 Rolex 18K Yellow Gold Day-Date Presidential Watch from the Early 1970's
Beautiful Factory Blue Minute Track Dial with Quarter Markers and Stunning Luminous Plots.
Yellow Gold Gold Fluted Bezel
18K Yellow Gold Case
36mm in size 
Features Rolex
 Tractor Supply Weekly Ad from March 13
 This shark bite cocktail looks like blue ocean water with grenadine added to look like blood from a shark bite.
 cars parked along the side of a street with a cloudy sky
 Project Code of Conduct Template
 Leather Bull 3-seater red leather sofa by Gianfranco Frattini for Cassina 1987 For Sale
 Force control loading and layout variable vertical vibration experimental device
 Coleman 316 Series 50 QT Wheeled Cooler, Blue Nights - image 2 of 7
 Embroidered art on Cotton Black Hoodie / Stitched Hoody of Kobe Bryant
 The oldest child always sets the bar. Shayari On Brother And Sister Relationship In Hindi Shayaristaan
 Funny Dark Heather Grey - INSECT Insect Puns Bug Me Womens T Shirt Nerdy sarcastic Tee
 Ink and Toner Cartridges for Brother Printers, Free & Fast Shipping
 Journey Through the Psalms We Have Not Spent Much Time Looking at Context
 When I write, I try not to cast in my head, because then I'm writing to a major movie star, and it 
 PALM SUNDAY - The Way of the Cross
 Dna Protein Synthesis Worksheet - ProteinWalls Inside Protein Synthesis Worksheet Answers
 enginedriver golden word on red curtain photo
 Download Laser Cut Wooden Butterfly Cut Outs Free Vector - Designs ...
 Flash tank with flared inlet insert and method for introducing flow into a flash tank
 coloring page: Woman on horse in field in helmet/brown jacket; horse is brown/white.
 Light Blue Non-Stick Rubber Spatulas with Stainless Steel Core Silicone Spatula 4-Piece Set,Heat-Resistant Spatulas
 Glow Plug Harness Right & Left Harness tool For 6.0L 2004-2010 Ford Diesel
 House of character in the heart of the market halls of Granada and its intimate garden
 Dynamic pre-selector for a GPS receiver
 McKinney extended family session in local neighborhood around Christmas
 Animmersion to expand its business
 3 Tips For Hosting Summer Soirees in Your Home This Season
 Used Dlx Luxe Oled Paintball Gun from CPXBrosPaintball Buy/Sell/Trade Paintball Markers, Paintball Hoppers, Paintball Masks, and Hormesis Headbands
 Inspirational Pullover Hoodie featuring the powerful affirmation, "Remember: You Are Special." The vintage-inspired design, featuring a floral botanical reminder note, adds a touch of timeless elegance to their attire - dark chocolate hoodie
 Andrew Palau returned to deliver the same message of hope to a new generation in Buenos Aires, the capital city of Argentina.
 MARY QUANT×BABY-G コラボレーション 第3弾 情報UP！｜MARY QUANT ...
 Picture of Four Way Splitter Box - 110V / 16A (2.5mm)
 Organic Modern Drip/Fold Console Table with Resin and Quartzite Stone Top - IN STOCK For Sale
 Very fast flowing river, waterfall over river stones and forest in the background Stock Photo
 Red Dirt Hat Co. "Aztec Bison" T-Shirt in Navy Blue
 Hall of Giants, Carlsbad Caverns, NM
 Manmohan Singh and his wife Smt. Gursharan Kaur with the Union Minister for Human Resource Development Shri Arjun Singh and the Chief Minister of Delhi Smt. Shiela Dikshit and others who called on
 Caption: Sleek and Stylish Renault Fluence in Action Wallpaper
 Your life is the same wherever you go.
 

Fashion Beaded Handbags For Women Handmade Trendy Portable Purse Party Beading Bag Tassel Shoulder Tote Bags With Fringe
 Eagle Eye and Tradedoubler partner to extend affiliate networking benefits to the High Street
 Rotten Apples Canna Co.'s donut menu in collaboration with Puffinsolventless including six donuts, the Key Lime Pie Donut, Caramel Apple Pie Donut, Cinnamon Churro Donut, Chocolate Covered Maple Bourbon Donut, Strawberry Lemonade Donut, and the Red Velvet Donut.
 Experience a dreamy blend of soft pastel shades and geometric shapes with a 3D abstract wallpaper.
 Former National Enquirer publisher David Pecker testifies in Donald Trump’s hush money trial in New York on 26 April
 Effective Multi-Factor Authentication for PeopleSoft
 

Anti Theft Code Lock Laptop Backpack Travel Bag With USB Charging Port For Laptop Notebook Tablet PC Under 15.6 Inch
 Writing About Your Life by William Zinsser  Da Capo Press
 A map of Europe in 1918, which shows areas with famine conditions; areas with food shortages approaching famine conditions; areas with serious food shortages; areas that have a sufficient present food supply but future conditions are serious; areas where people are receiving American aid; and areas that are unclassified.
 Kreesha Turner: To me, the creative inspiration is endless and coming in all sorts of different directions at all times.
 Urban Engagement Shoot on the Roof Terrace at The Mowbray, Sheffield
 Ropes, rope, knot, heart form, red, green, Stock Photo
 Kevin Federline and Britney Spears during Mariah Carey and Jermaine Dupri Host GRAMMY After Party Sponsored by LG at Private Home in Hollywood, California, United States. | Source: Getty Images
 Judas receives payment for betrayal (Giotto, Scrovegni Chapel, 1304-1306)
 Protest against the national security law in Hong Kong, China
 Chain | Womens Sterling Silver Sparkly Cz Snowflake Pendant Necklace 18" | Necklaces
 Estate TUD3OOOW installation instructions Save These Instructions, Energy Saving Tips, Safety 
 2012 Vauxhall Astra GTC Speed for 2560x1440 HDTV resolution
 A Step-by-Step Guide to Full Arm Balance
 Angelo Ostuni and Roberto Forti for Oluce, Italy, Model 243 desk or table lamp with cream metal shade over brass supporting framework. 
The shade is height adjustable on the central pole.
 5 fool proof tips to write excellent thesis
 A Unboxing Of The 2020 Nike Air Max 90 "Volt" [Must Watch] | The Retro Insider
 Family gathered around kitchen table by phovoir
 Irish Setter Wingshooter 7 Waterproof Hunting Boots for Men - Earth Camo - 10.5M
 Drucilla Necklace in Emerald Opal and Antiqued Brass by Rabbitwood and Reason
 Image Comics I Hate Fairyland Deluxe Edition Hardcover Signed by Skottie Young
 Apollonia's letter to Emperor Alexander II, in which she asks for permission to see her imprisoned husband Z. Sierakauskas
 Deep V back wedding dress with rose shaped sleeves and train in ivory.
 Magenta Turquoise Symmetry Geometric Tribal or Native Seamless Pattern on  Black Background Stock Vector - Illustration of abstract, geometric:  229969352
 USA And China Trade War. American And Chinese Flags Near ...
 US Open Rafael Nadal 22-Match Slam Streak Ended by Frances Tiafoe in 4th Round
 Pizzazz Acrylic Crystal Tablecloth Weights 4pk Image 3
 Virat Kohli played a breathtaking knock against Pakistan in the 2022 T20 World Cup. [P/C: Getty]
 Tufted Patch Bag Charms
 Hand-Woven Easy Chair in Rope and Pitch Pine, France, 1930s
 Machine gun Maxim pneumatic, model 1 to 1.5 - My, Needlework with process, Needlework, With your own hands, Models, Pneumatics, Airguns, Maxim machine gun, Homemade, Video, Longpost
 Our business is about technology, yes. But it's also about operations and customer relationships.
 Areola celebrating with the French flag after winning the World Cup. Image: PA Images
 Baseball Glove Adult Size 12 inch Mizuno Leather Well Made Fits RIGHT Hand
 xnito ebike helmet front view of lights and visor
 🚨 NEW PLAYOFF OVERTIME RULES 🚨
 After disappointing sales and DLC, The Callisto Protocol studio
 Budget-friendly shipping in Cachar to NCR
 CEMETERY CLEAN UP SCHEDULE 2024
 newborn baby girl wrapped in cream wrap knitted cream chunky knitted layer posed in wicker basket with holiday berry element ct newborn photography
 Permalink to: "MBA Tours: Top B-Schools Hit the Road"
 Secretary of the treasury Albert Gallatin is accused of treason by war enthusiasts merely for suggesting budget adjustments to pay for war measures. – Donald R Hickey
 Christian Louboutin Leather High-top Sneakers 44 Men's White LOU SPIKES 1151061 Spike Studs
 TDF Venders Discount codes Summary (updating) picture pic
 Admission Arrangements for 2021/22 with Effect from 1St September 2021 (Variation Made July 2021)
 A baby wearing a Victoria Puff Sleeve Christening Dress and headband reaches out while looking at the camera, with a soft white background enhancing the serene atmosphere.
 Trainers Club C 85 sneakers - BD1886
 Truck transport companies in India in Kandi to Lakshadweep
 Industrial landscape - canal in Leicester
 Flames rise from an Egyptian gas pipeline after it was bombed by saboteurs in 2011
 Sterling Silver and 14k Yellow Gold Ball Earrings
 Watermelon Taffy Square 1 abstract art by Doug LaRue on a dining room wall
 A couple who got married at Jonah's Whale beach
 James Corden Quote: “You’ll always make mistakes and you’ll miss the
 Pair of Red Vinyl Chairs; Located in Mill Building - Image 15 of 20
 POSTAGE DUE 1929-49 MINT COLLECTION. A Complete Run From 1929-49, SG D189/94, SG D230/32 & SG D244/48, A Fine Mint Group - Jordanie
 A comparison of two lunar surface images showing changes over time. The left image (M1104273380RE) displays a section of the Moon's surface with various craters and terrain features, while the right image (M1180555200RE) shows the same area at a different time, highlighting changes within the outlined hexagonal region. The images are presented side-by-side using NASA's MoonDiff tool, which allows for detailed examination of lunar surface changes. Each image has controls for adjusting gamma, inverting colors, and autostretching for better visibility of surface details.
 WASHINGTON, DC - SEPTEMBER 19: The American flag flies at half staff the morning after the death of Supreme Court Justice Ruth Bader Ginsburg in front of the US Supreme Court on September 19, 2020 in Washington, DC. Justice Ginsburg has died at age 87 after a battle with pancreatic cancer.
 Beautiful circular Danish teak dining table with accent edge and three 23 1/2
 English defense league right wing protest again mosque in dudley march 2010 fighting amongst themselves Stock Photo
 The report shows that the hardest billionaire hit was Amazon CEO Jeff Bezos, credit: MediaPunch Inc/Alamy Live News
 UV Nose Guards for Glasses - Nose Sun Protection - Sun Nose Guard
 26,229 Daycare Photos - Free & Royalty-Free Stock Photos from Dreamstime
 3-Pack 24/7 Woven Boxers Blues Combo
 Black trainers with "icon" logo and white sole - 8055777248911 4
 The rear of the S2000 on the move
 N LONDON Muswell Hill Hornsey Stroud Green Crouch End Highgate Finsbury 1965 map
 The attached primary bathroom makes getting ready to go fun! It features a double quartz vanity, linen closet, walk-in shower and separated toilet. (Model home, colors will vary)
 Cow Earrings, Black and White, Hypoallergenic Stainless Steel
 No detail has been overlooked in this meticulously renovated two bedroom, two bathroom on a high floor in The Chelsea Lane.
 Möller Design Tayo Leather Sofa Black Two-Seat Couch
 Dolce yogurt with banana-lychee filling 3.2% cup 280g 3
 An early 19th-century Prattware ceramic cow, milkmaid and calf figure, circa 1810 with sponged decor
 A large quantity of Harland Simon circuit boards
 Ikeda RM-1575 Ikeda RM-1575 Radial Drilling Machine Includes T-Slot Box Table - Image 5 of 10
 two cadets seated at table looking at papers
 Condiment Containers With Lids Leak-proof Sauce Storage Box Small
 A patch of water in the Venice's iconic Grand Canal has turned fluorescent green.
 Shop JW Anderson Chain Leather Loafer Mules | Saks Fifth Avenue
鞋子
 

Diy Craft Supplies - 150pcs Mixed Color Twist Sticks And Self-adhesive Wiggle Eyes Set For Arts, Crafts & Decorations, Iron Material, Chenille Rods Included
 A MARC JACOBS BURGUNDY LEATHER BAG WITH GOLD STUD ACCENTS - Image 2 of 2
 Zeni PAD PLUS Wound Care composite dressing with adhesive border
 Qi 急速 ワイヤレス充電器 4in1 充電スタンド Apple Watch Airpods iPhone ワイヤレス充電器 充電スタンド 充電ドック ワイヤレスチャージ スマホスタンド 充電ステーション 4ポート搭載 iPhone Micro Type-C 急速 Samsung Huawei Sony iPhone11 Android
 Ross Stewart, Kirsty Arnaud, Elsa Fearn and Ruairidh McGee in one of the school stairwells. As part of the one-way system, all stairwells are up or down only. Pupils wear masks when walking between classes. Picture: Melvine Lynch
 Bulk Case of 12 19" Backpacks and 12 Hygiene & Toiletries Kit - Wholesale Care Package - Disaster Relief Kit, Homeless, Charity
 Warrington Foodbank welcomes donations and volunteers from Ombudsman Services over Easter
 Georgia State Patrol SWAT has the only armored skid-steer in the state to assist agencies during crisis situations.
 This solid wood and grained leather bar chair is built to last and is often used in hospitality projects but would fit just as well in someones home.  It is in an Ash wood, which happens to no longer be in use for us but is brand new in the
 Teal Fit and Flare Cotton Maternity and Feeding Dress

# # # #

**WHAT IS NEEDED:** Could you set down, word for word, only the lines above from the line with "Areola celebrating with" to the line with "After disappointing sales", including both?

**RESPONSE BELOW:**
 Areola celebrating with the French flag after winning the World Cup. Image: PA Images
 Baseball Glove Adult Size 12 inch Mizuno Leather Well Made Fits RIGHT Hand
 xnito ebike helmet front view of lights and visor
 🚨 NEW PLAYOFF OVERTIME RULES 🚨
 After disappointing sales and DLC, The Callisto Protocol studio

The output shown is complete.